Bast a tiré de son expérience de prof de BD à la maison d’arrêt de Gradignan ce reportage dessiné. Comme quoi il n’y a pas forcément besoin d’aller jusqu’en Afghanistan ou en Palestine pour trouver des sujets brûlants; il suffit de pénétrer dans les coulisses de la société, derrière une série de lourdes que l’on déverrouille au fur et à mesure sur le passage du prof. Du prof quasi-missionnaire, car on se doute bien qu’il ne s’agit pas de donner des leçons de BD académiques.
La mission première est de désennuyer les jeunes détenus de la vie de taulard, par petits groupes réunis dans une morne salle.
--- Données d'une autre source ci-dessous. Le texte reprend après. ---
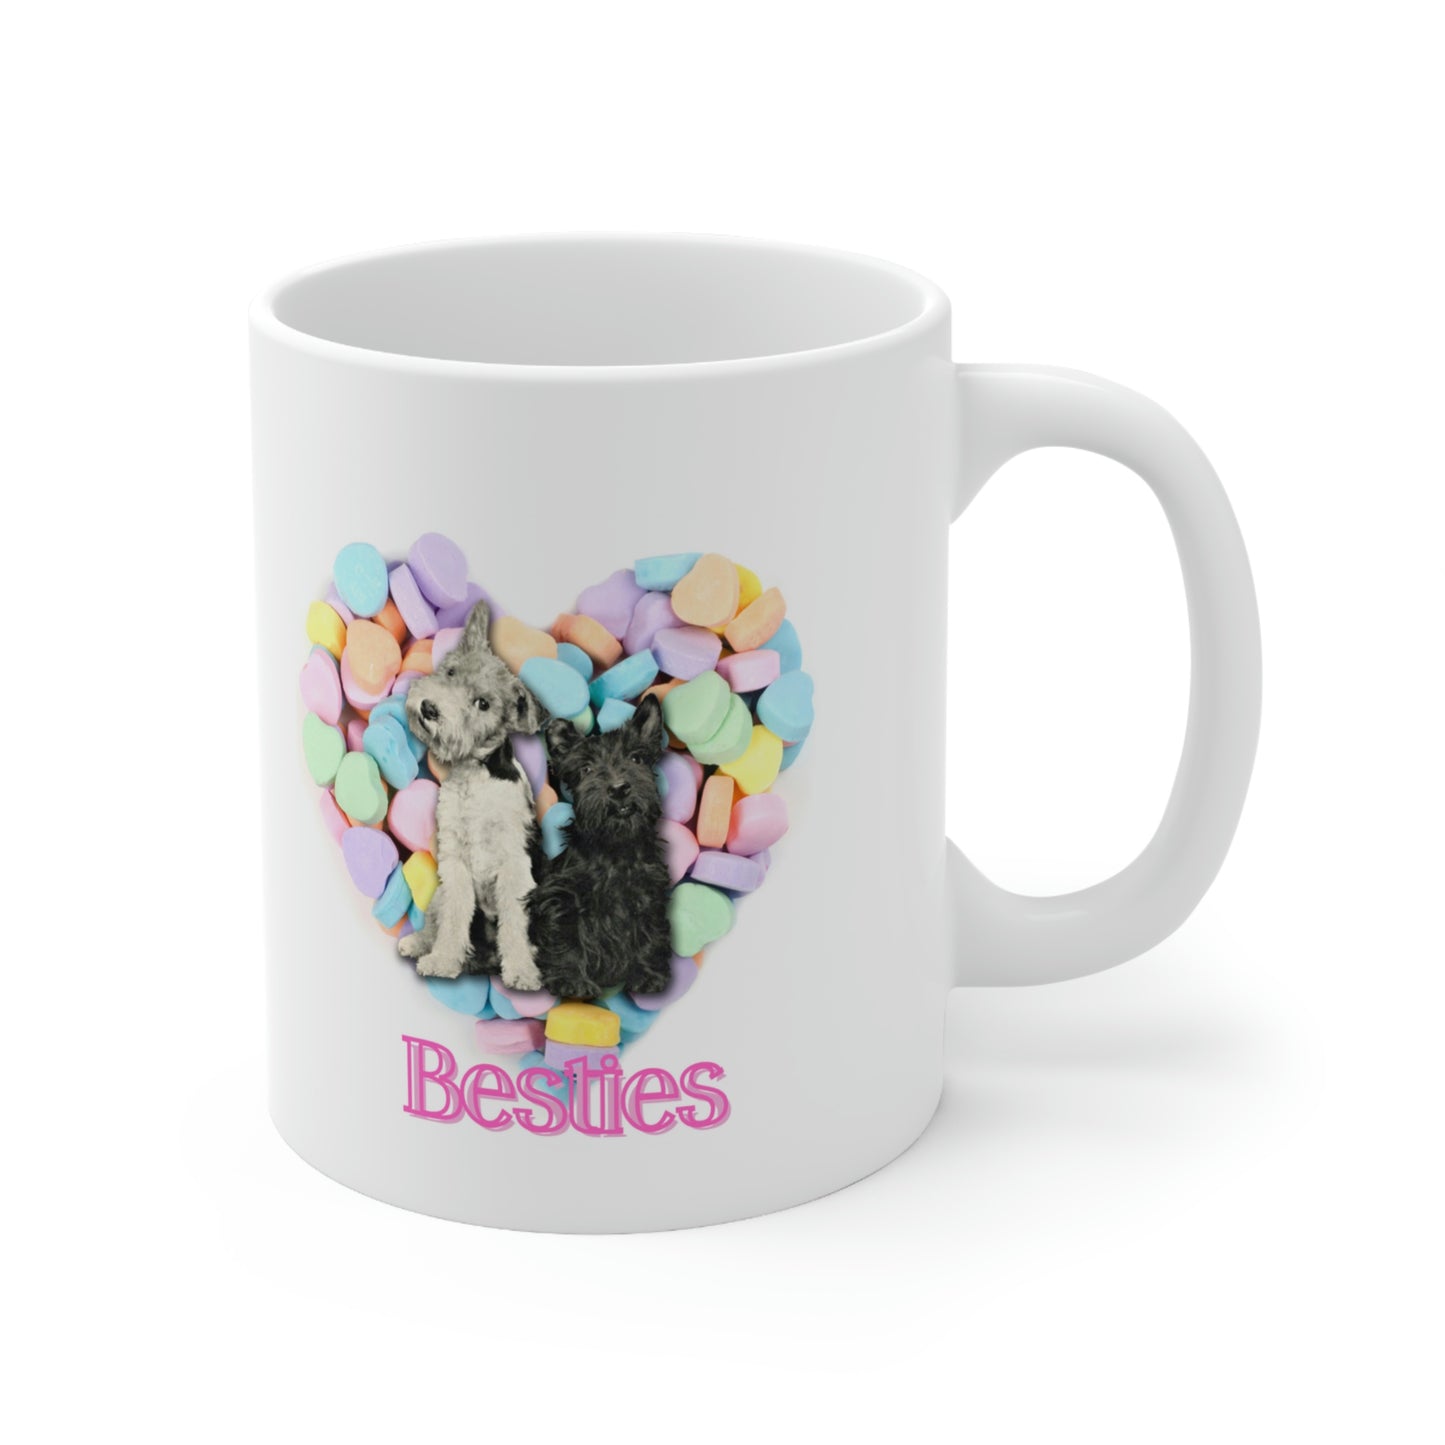 Valentine Hearts "Besties" Mug, Cute Dogs and Candy Hearts Ceramic Mug 11oz Galentine's Day Gift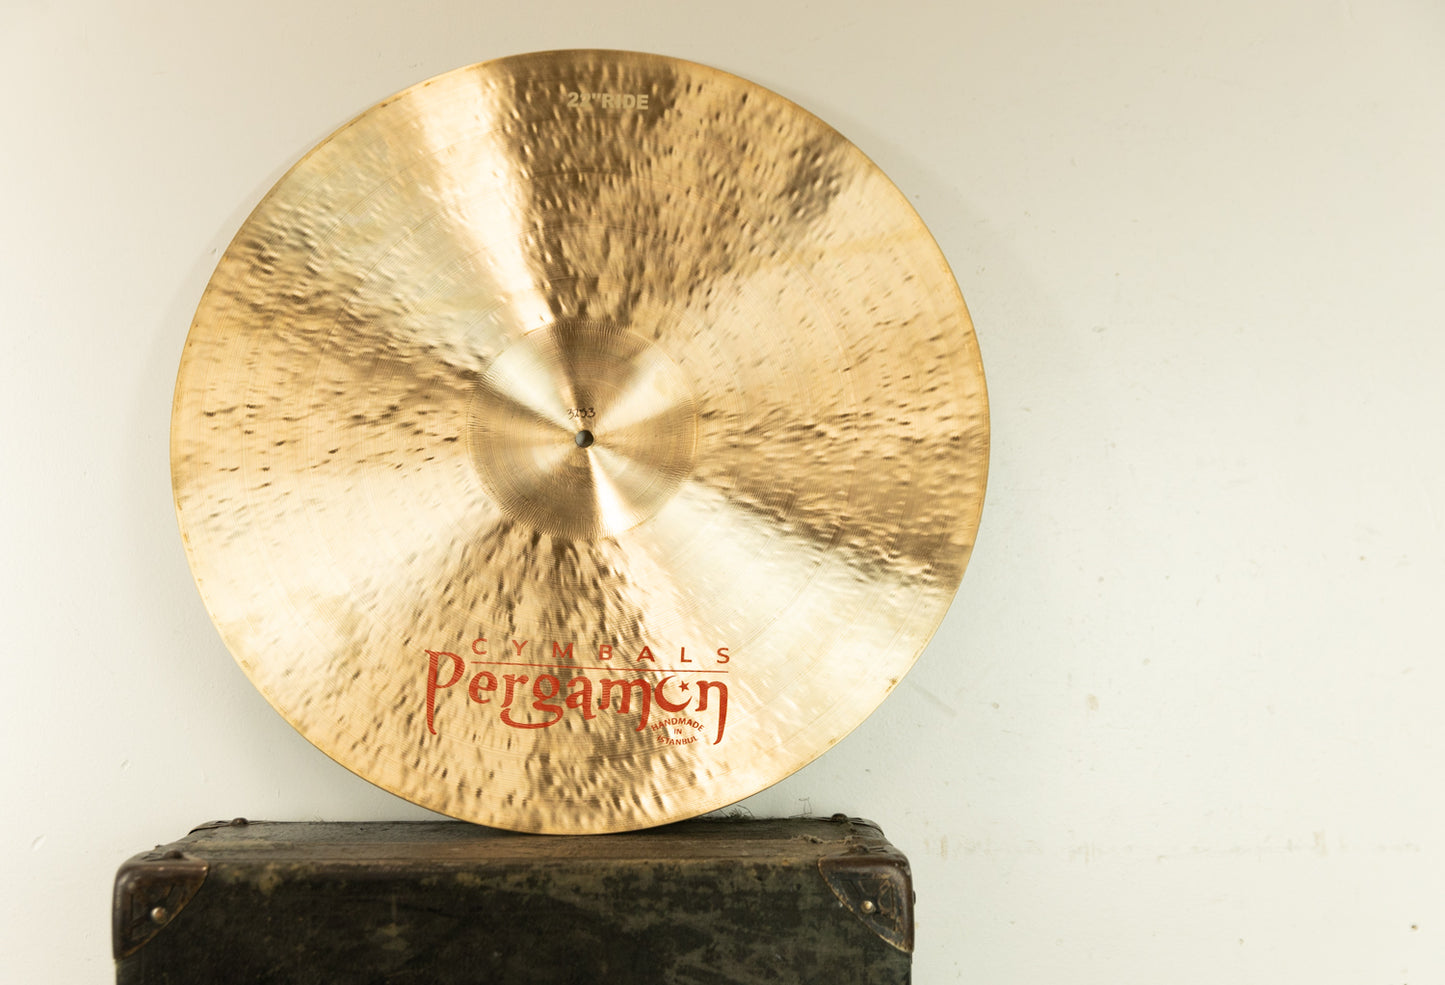 Pergamon 22" Vortex Ride Cymbal 3253g

C’est un des moyens dont l’administration pénitentiaire dispose, outre la Playstation et quelques séances de musculation, pour combattre la mélancolie et le suicide.
Bast s’adapte à la demande ; fait des croquis des frères et soeurs d’après photo, enseigne que les gonzesses à poil ne sont pas le seul motif de dessiner ; fait preuve de patience, surtout.
Bast ne juge pas les jeunes détenus, ni tellement le système pénitentiaire : il se contente plutôt d’en observer et d’en rapporter les codes, avec une note d’humour. Enseignant le dessin, il est complice d’une certaine forme d’évasion, qui permet aux jeunes détenus de se livrer un peu… plus facilement qu’à une console de jeu.
Y a-t-il un rapport entre la BD et la prison ? J’en suis persuadé, et je crois en trouver dans quelques dessins suggestifs de grilles, corridors, portes et fenêtres, la confirmation. Sans le dessin, la BD se présenterait comme une grande prison vide. D’ailleurs, certains théoriciens prétendent que le dessin n’est pas essentiel en BD ; de même, chaque détenu compte moins que la prison - dont l’effet est rassurant pour tout le monde, comme le ronronnement de la BD séquentielle qui fait tic-tac-tic-tac.
En Chienneté, Bast, La Boîte à Bulles, 2013.